# how do I make a table tent (name card) with MS Word?



## bj nick (Jun 10, 1999)

I want to create a simple table tent- the kind where it's just paper folded over to make the little "tent," with one's name on each side. I did a search for this, but was unable to find just a simple easy way to do it. I'm sure there's a template out there for it, but couldn't find it. 

Any advice appreciated. Nothing fancy: just a name on each side. 

Thanks!


----------



## ChuckE (Aug 30, 2004)

Printing upside-down in Word is possible, but not particularly easy. It can be done but it may involve Word Art or using rotatable images. Neither of which is so much editable, since they are really images of text (for your purpose).

Instead, if you also have PowerPoint,(which is included in any of the MS Office packages) then there is a Microsoft template called "Meeting name cards (3-fold)". Check it out by clicking that link.

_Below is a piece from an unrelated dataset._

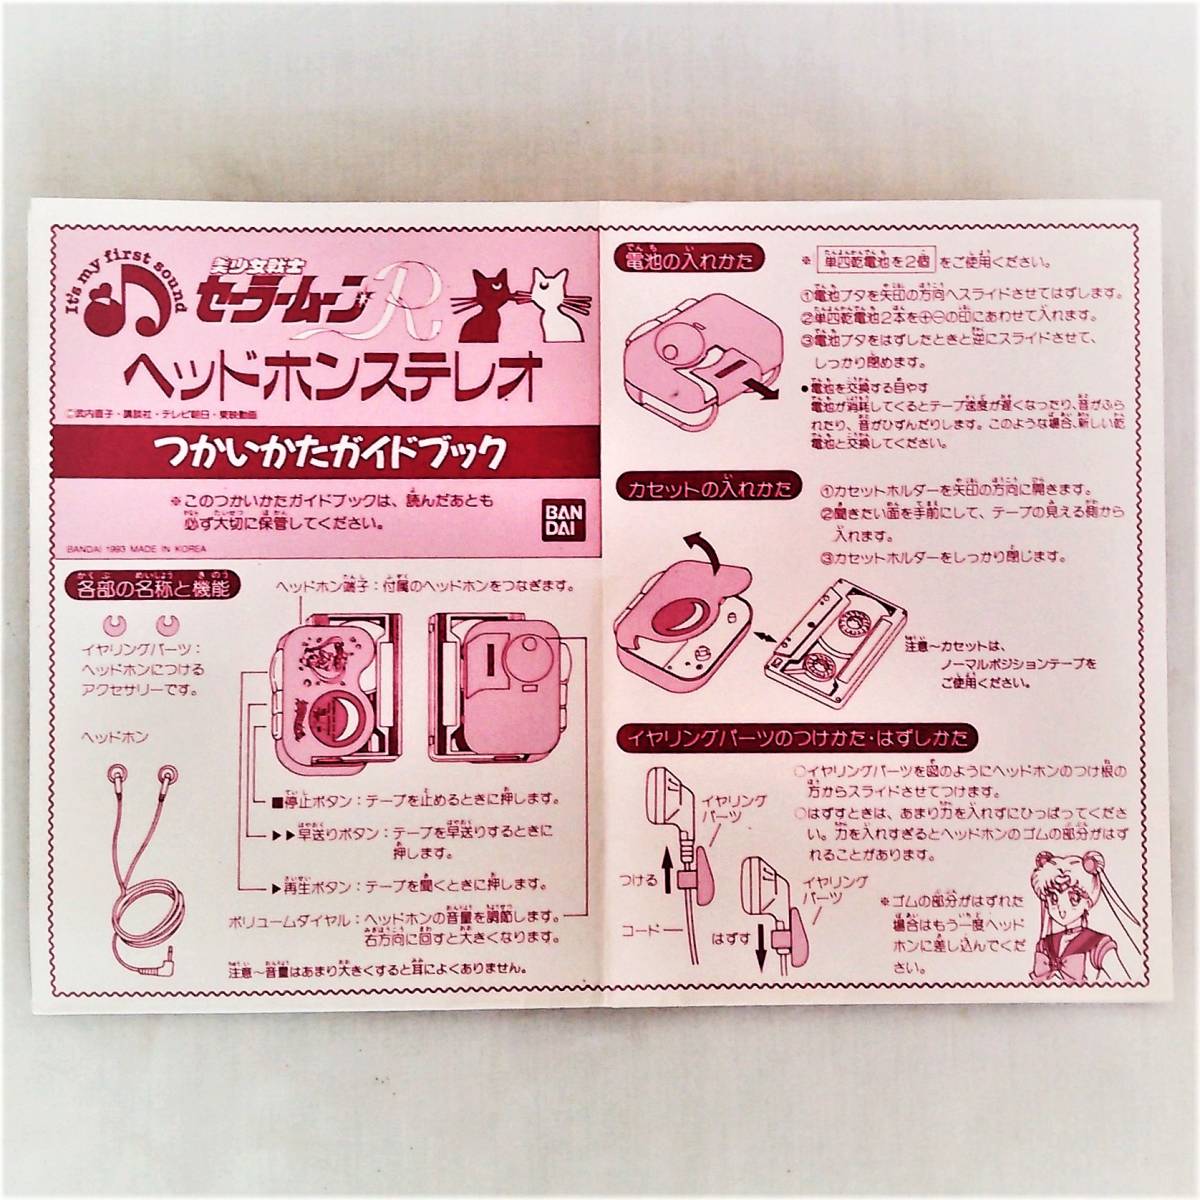 * Bishoujo Senshi { headphone stereo }(1993 year / Bandai )( box attaching * new goods )*

If the link does not work, or if you want to see what other free MS Templates exist, and there are tens of thousands, go to:
http://office.microsoft.com/en-us/templates/


----------



## Rollin_Again (Sep 4, 2003)

Quite simple. Add two text boxes to your document and then rotate the top text box so that the text appears upside down and then remove the textbox borders.

Rollin


----------



## Keebellah (Mar 27, 2008)

if you have it, use publisher


----------